▸ **Collected data**:
↓
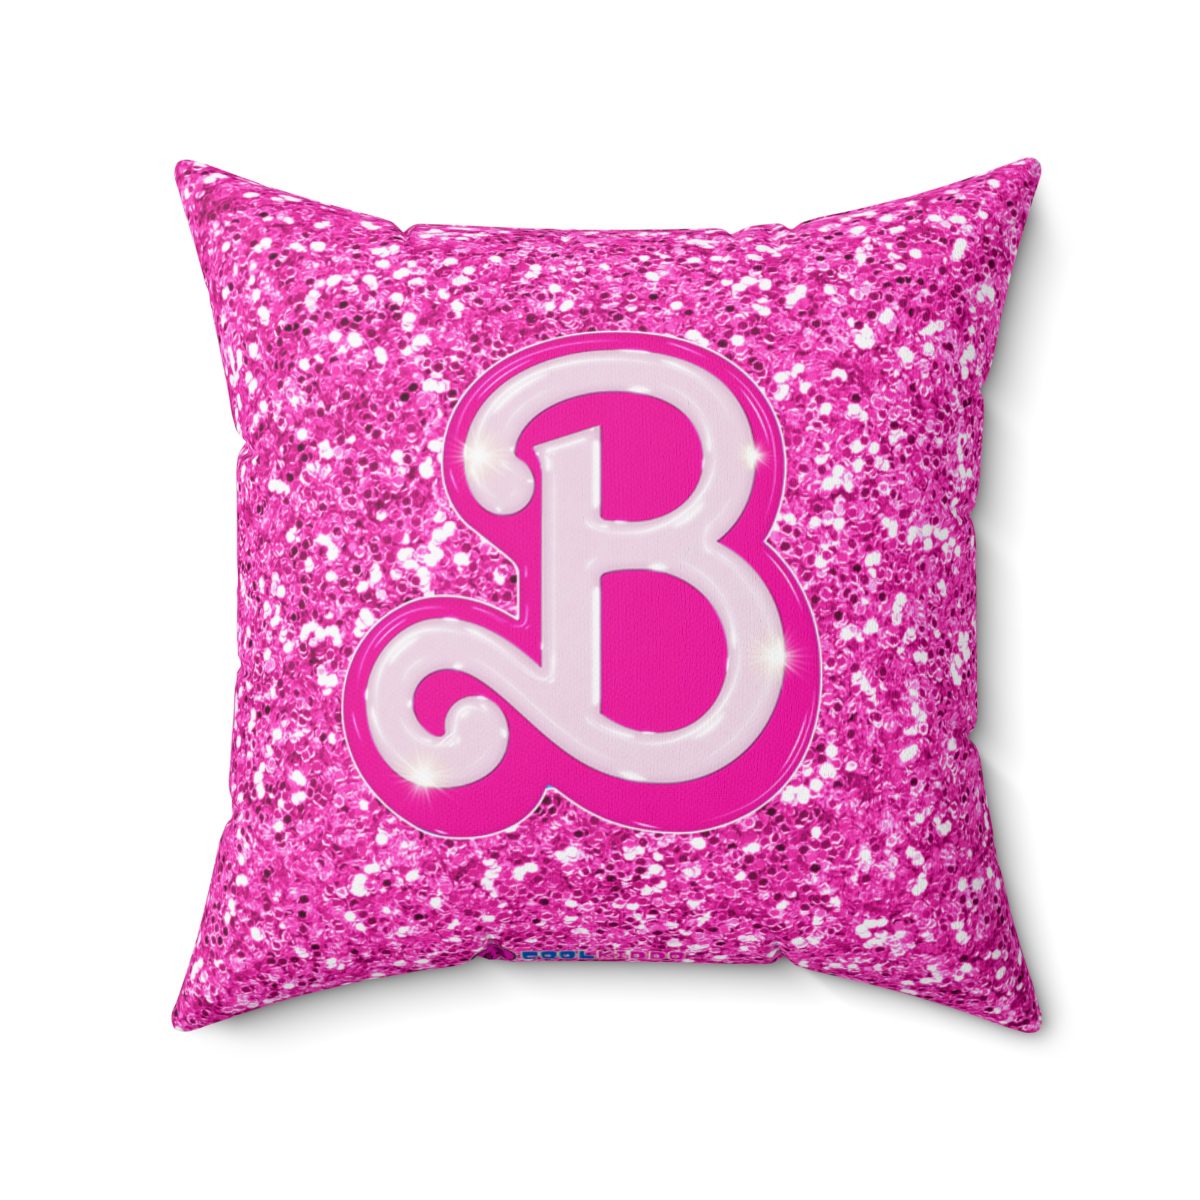 Barbie Glitter Simulation Pink Cushion: Double-Sided Sparkle for Stylish Comfort Cool Kiddo 22
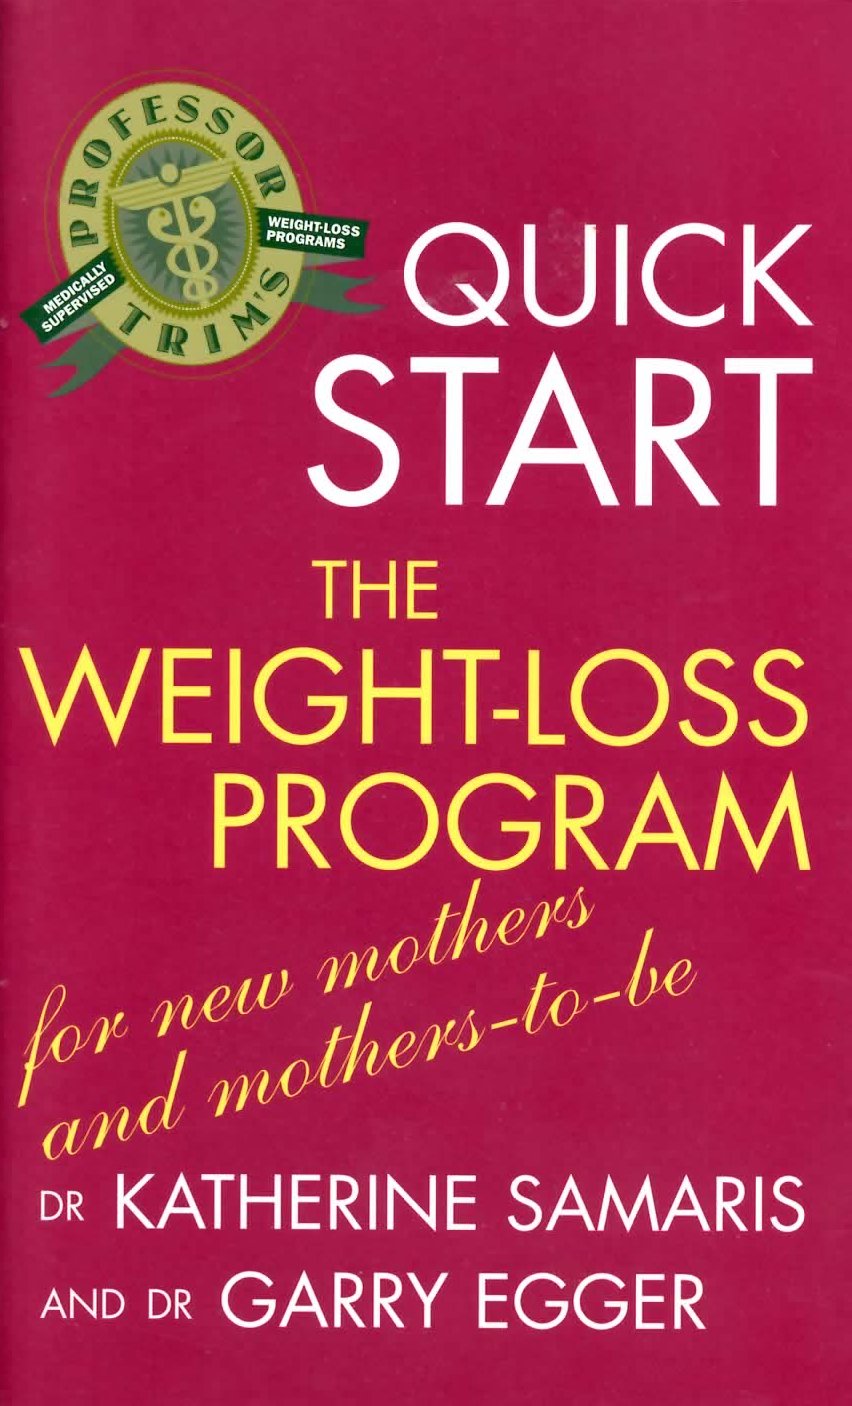 Download this Quick Start The Weight... picture
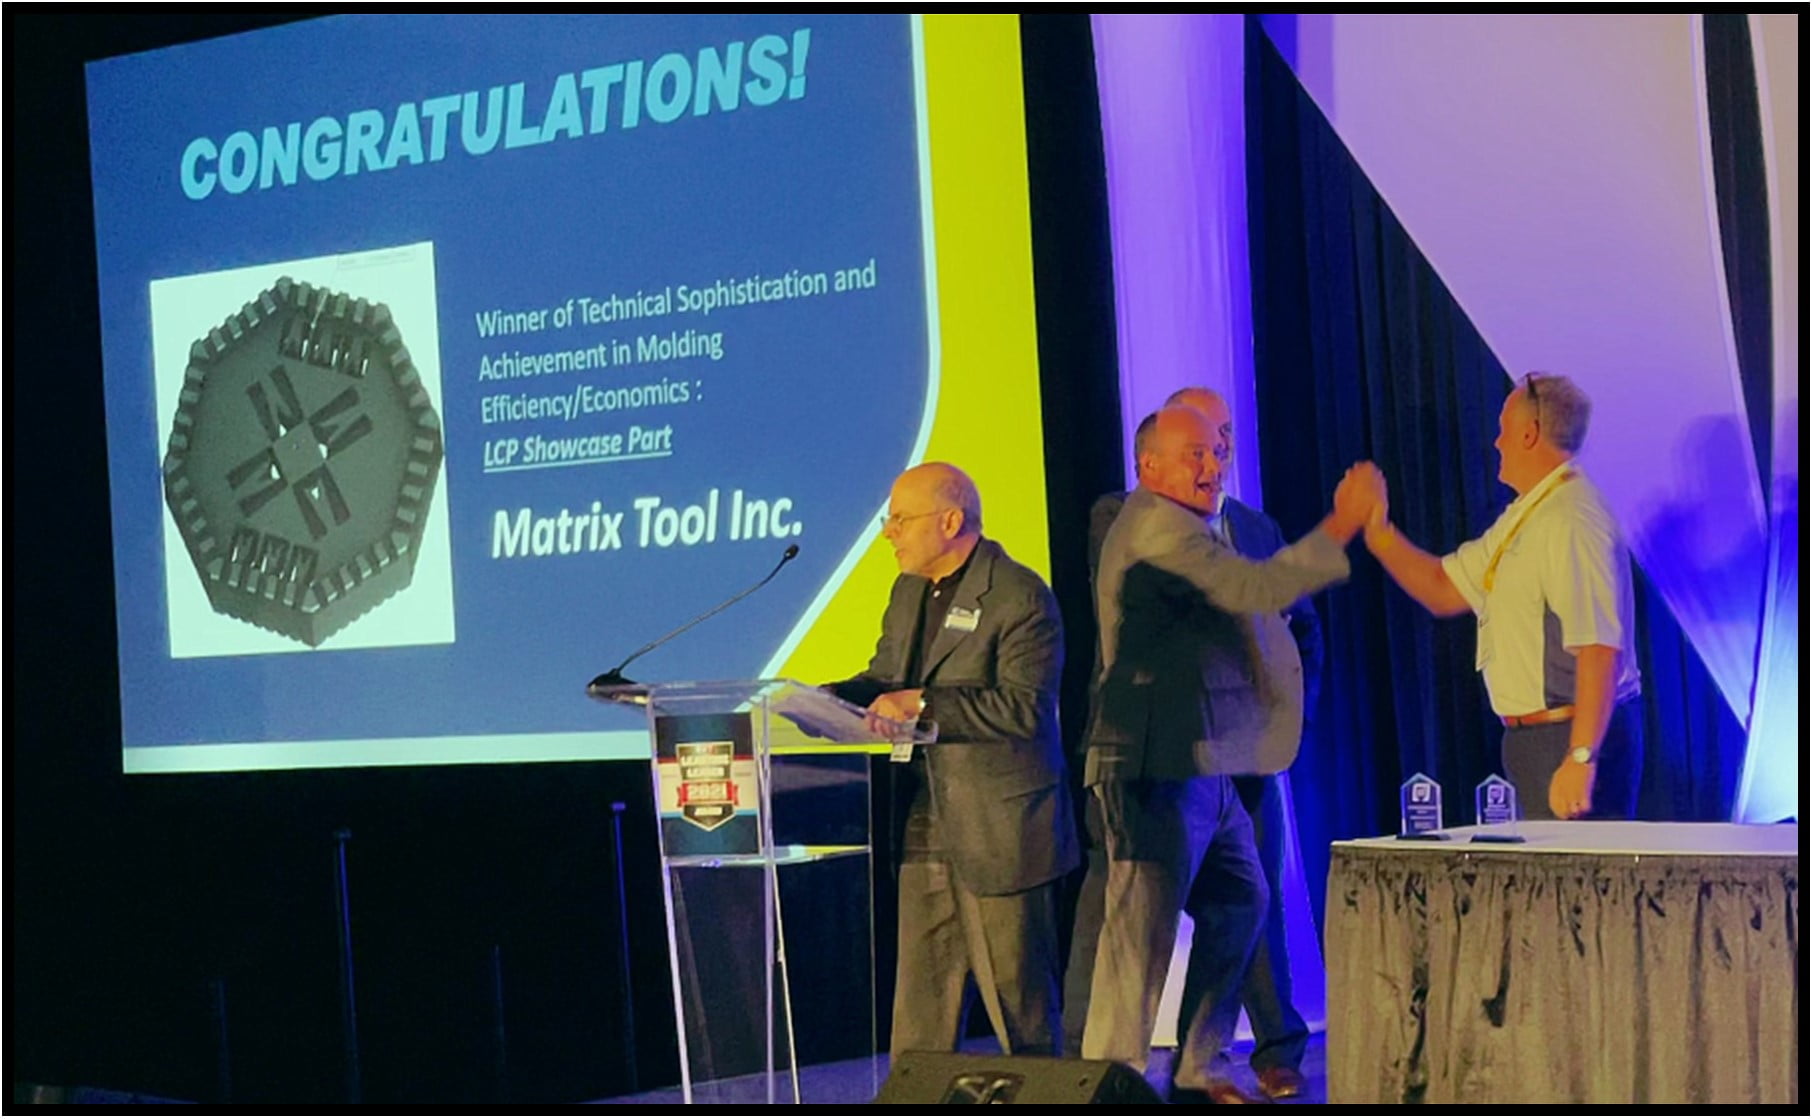 Image of Matrix Tool Winning the Plastics Technology Hot Shots contest - The parts contest was broken down into two main categories: technical sophistication and high efficiencies/economics - Matrix Tool’s lone entry won both awards!
↑
▸ **Your task**: Please set down the data above exactly as given, leaving every picture out.

▸ **Result of this exercise**:
 Barbie Glitter Simulation Pink Cushion: Double-Sided Sparkle for Stylish Comfort Cool Kiddo 22
 Download this Quick Start The Weight... picture
 Image of Matrix Tool Winning the Plastics Technology Hot Shots contest - The parts contest was broken down into two main categories: technical sophistication and high efficiencies/economics - Matrix Tool’s lone entry won both awards!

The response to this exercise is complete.